As we make up the majority of people in their 20’s, we’ve lived quite a life already. We’ve existed during two centuries and three decades. We saw the creation of the Internet, elected the first black president, and got unlimited access to free music. But really, the most important aspect of our survival as 20-somethings is the age-long debate of: NSYNC or Backstreet Boys?
Mary Kate was definitely the better twin.
The number of Hit Clips you owned directly correlated to how cool you were.
You would date Joey, marry Chandler, and kill Ross.
Britney Spears & Justin Timberlake’s breakup felt like a personal attack.
You pretended your future from MASH didn’t matter, but it secretly made you mad if you ended up without your crush.
The book fair at school was undoubtedly the best school day of the year.
John Stamos was (and still is) one of the most beautiful men alive.

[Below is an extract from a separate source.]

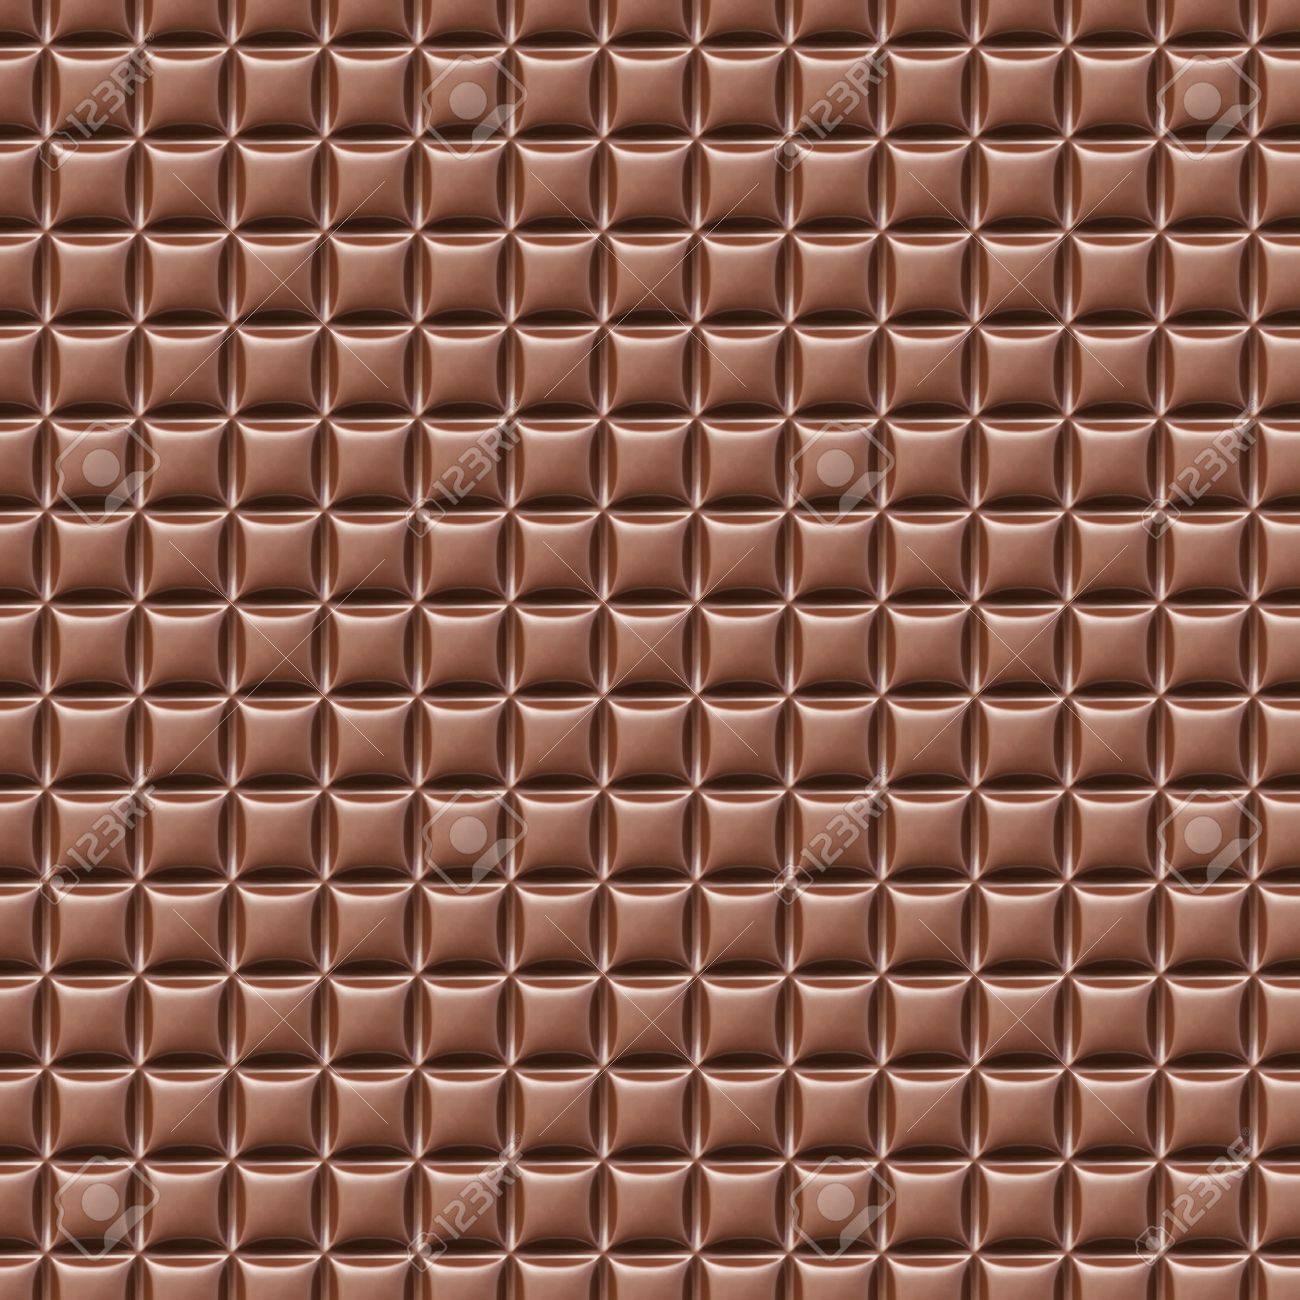 Chocolate background - 13500385
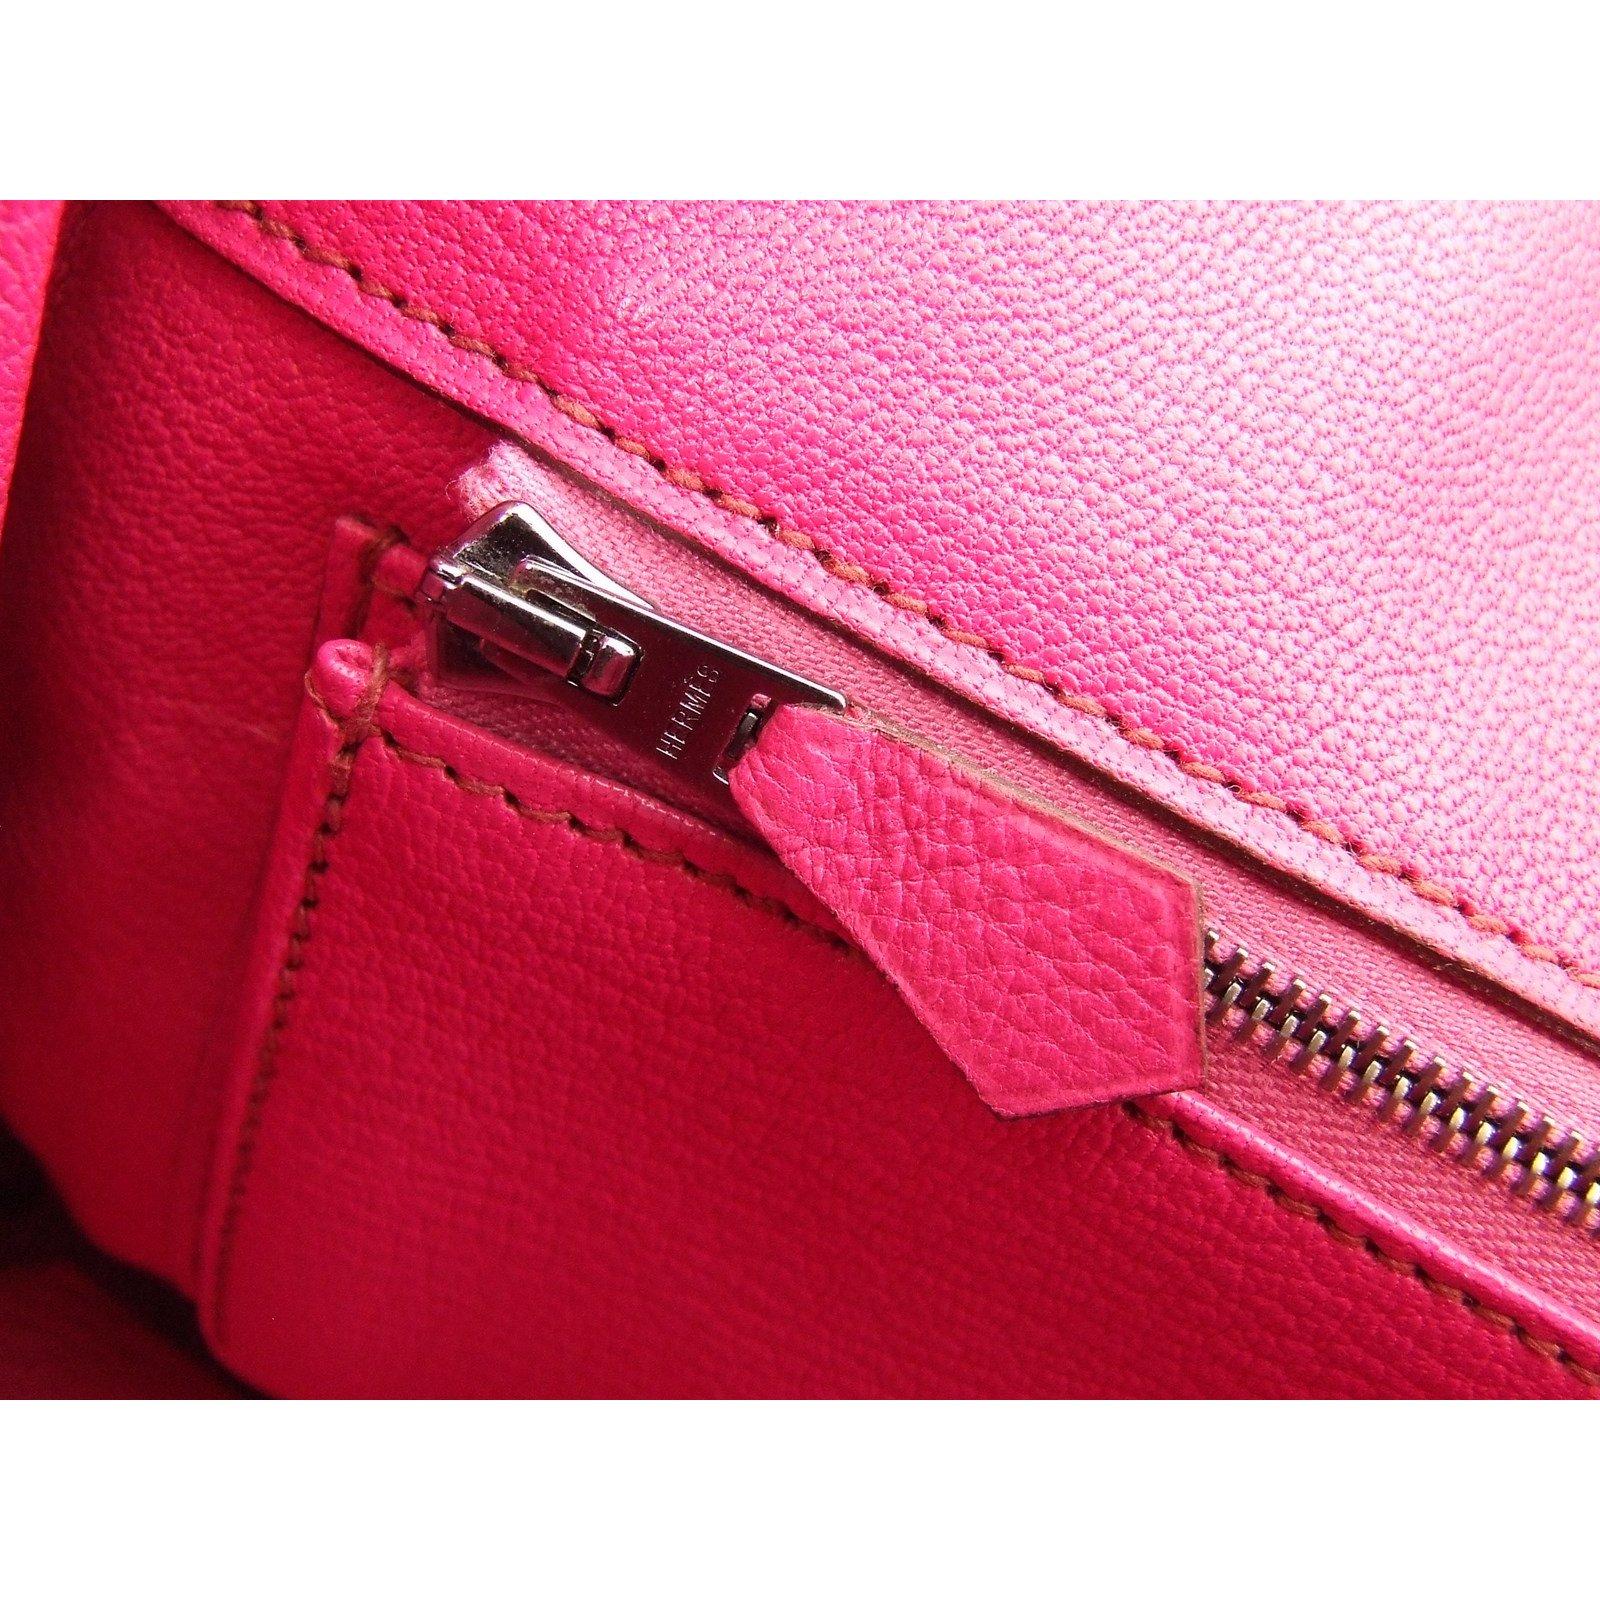 c85a42728447 Hermès Hermès Birkin 25 Handbags Exotic leather Pink ref.48556 - Joli Closet

It was a tragedy when the slap bracelets got banned from school.
The reason you started reading was to find out what happened to Harry Potter.
Of all the Lunchables, pizza was the best.
You wanted to be Britney Spears for Halloween every year but your mom never allowed it (something about "inappropriate").
Goosebumps was way too scary to be considered a children’s book.
Aaron Carter was, and always will be, way better than Justin Bieber.
“Mean Girls” was your first big girls night out (and your mom probably was in the back row of the theater watching you the whole time).
Most fights consisted of which was better: Barbie or Polly Pocket?
The food you made in your Easy Bake Oven was probably more edible, and better for you, than half the things you consume now.
You still watch your favorite Disney movie after every scary movie to calm down.
Juicy Couture sweatsuits were the epitome of cool.
You felt fancy as hell when you got to drink sparkling cider on New Year’s.
Friendships have ended over who was most likely to date Troy Bolton.
You’re still wishing that you could be the sixth Spice Girl.
Your first ride (and the most stylish to date) was your Barbie Lamborghini.
For some reason you thought that Bear Paw clogs were stylish. They, in fact, were not.